The new PDC-2.6 HD is processor-only, for systems already using a quality pre-amp, and allows set-and-forget installation. It provides DEQX Calibrated™ automated correction from measurements (using notebook PC or Mac running Windows XP/Vista with DEQX set-up software) for two passive speakers with the option to integrate one or two subwoofers, then time-align these with the main speakers. You can then perform Room measurements that are displayed graphically below corresponding parametric EQ bands that you can set automatically and/or manually in real-time. Each EQ band’s bandwidth is adjustable from one-semitone to 4-octaves wide. For advanced users, the unit also provides 3-way active crossover outputs if you want to experiment going fully active to provide the ultimate DEQX-HD™ performance.
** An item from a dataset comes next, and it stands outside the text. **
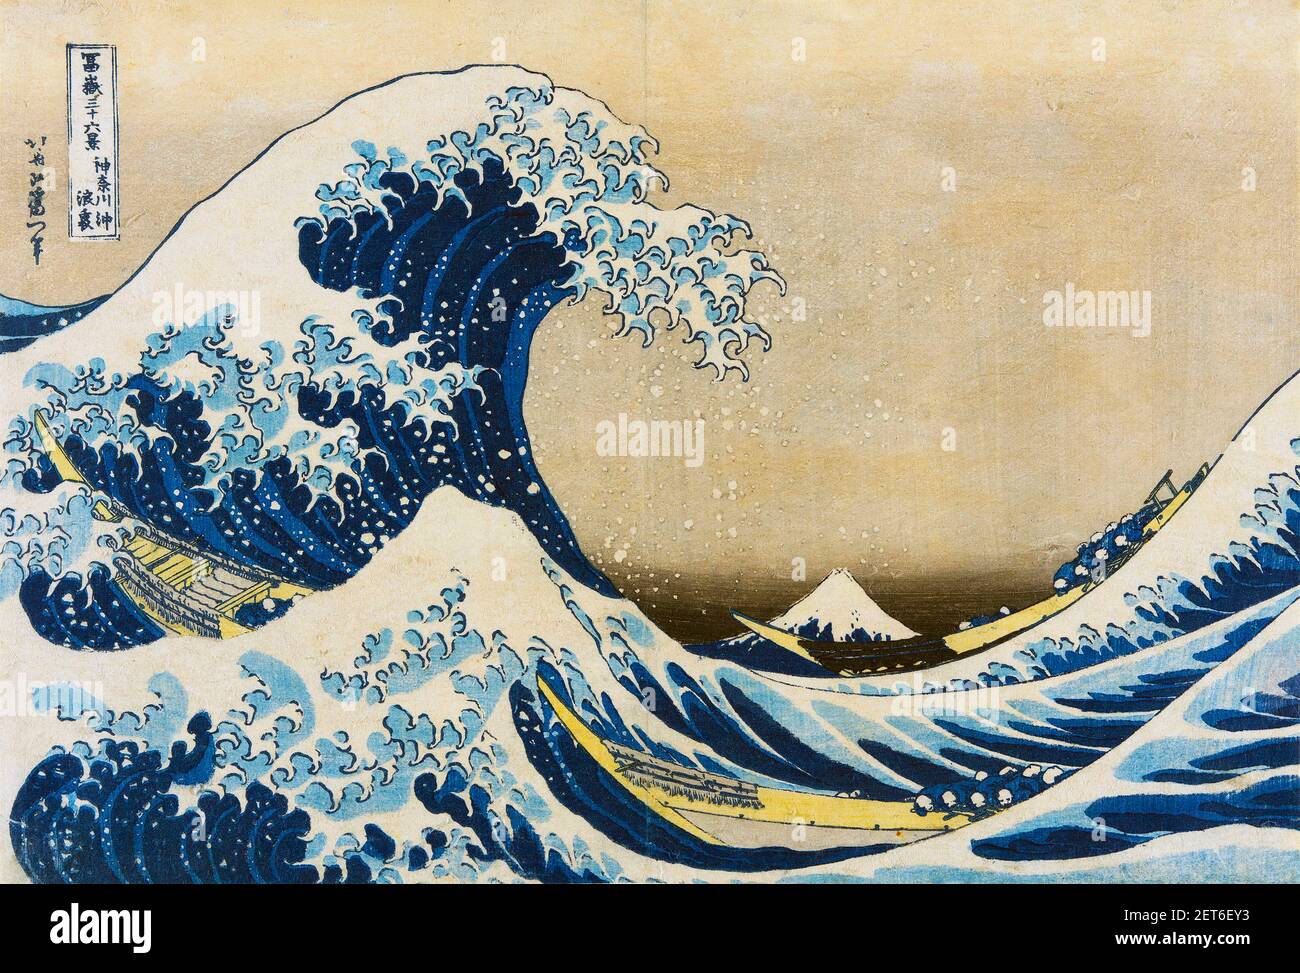 Hokusai. The Great Wave off Kanagawa by the Japanese artist and printmaker, Katsushika Hokusai (葛飾 北斎, c. 1760-1849), color woodblock print, c. 1830 from the series Thirty-six Views of Mount Fuji Stock Photo

The new PDC-2.6P HD Preamp provides all of the features described above. However, its additional Remote-control allows you to select from two analogue and two digital inputs. It also provides post-DAC
analogue volume control to utilize the full dynamic range of DEQX’s audiophile DACs at low listening levels.
The new HDP3 is DEQX’s reference audiophile product that provides the full features of the PDC-2.6P HD Preamp described above. It also contains DEQX’s audiophile grade linear power supply, in a large 2U chassis that allows balanced and digital output options simultaneously (field upgradable).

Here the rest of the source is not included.